Programming the DJI Tello Drone with Python (ep. 2)

Programming the DJI Tello Drone with Python

The DJI Tello is a compact, affordable, and programmable drone ideal for beginners and educators looking to explore the world of drone technology and coding. Equipped with a camera, it offers a variety of features, including video transmission, precise hovering, and basic tricks. Its compatibility with Python enables developers and enthusiasts to create custom behaviors and flight paths, making it an excellent tool for both learning and experimentation.

In this article, we’ll dive into how you can get started with programming the DJI Tello in Python, explore available simulators to test code safely, and discuss an advanced topic on matrix drone shows using Tello drones.

Equipment and Setup

To program a DJI Tello drone in Python, you’ll need:

  • A DJI Tello drone (standard or Tello EDU version)
  • Python installed on your computer (version 3.6+ recommended)
  • Tello SDK to access Tello’s programmable features
  • A compatible device (PC, Mac, or mobile device)
  • Wi-Fi connection to connect to the Tello drone

Setting up your programming environment involves installing Python, configuring the SDK, and ensuring your device can communicate with the drone over Wi-Fi.

Programming the Tello in Python

With Python, programming the DJI Tello is straightforward thanks to the Tello SDK, which provides a range of commands for movement, rotations, flips, and even camera control. The SDK is compatible with various Python libraries that allow you to establish a connection, send commands, and receive feedback from the drone.

For a simple example, here’s how you can control your Tello with Python:

import socket
import time

# Tello's IP and Port
TELLO_IP = "192.168.10.1"
TELLO_PORT = 8889

# Connect to Tello
sock = socket.socket(socket.AF_INET, socket.SOCK_DGRAM)
sock.bind(('', 9000))

def send_command(command):
    sock.sendto(command.encode('utf-8'), (TELLO_IP, TELLO_PORT))
    print(f"Sent: {command}")

send_command("command")   # Initiate SDK mode
time.sleep(1)
send_command("takeoff")   # Take off
time.sleep(5)
send_command("land")      # Land

This code initiates SDK mode, takes off, hovers for a few seconds, and then lands.

Drone Simulators for Safe Development

Developing with a real drone has inherent risks, especially in indoor environments. Luckily, simulators allow us to test and iterate on our code safely before using it with an actual Tello.

DroneBlocks Coding Simulator

The DroneBlocks Coding Simulator is an excellent online tool to practice programming a Tello without any hardware.
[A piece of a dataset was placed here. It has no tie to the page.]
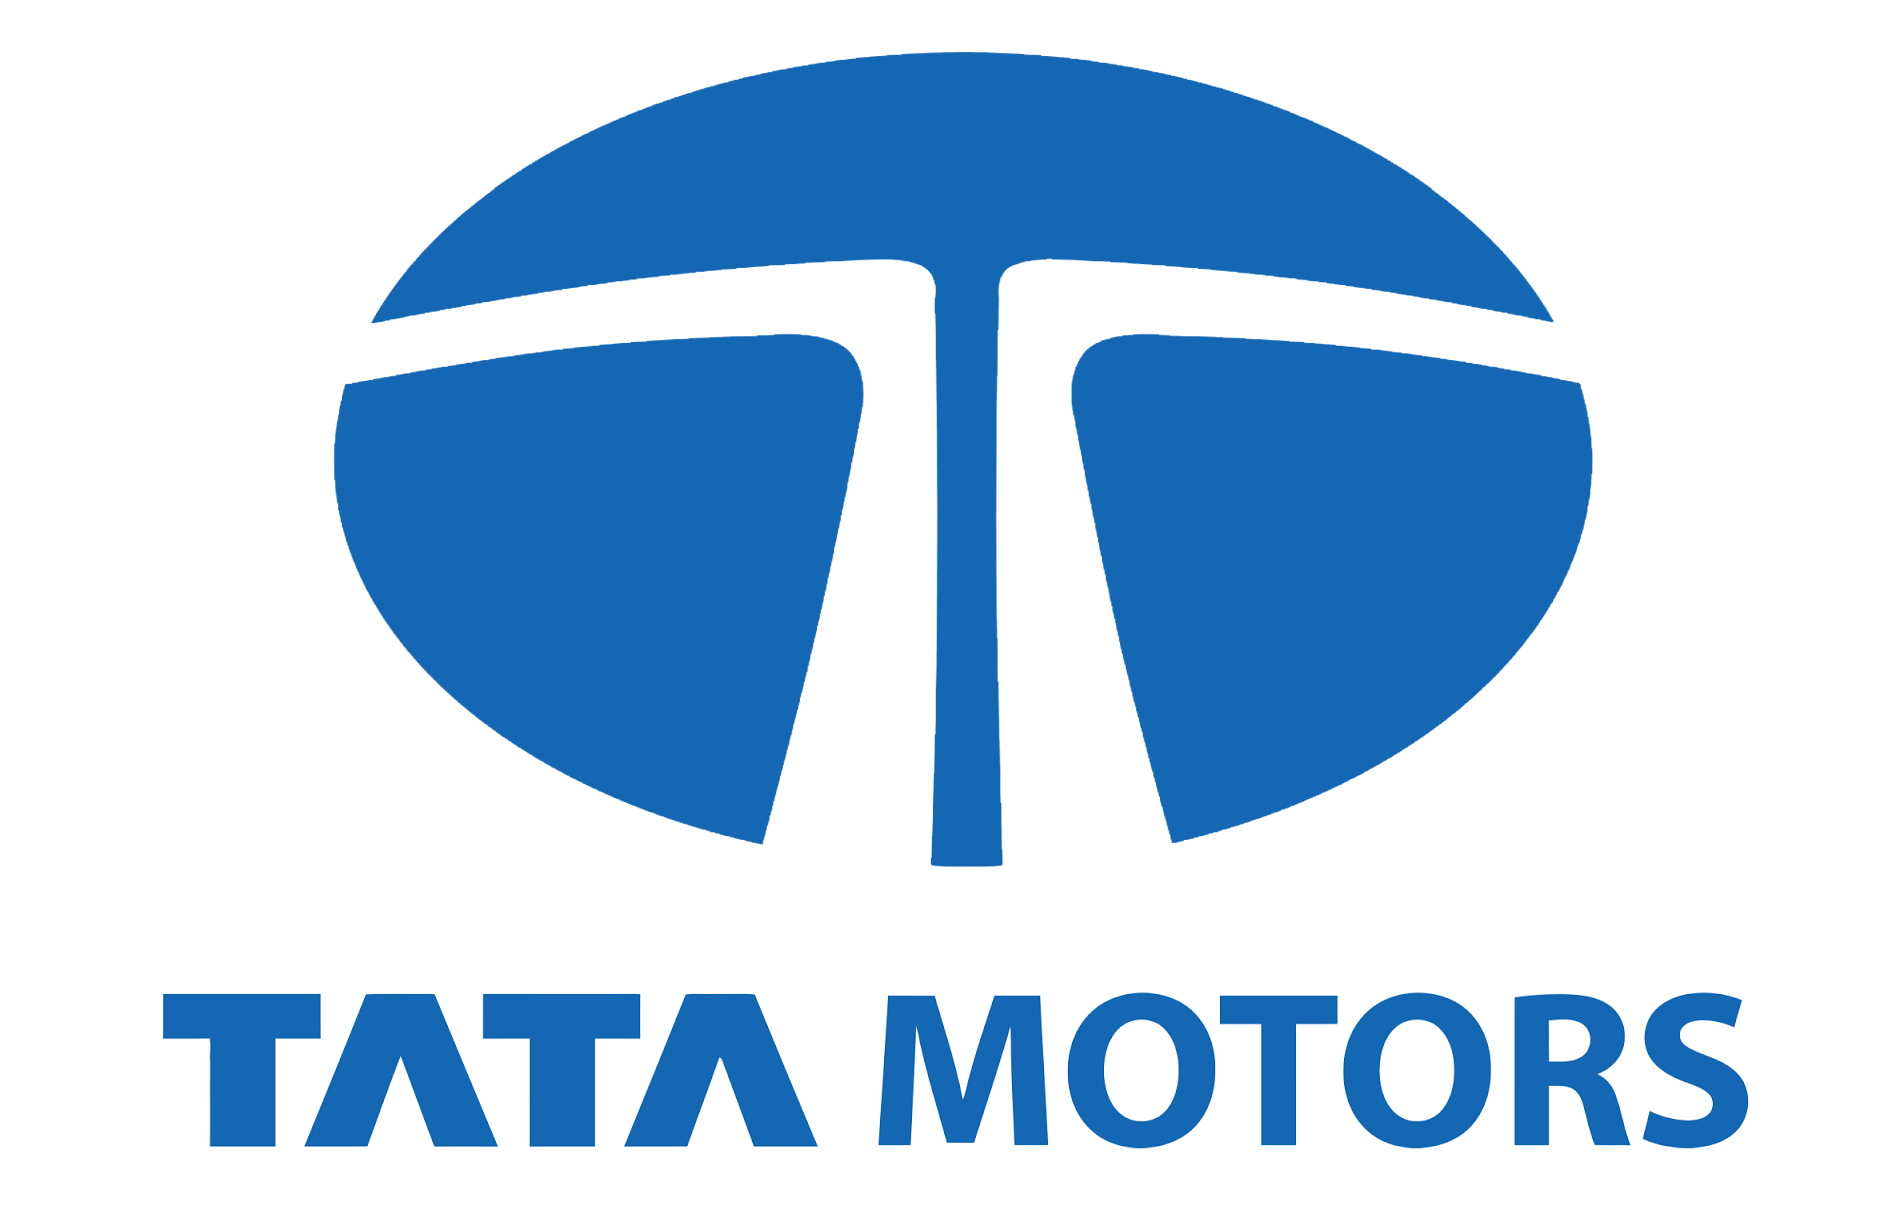 Tata Motors Cars Showroom - Jaika Motors|Show Room|Automotive

Available at DroneBlocks Coding Simulator, it provides a visual interface where you can test code by simulating movements, rotations, and simple flight paths in a virtual environment. The simulator supports block-based coding, making it especially beginner-friendly for those just getting started with drone programming.

DroneBlocks Tello Simulator

For a Python-based simulation, the DroneBlocks Tello Simulator provides a Tello flight simulator that can be run locally. Installable via PyPI, it allows developers to programmatically control a virtual Tello in Python. This is especially useful for those who wish to work directly with Python scripts and Tello SDK commands in a simulated environment that mimics the behavior of a real Tello.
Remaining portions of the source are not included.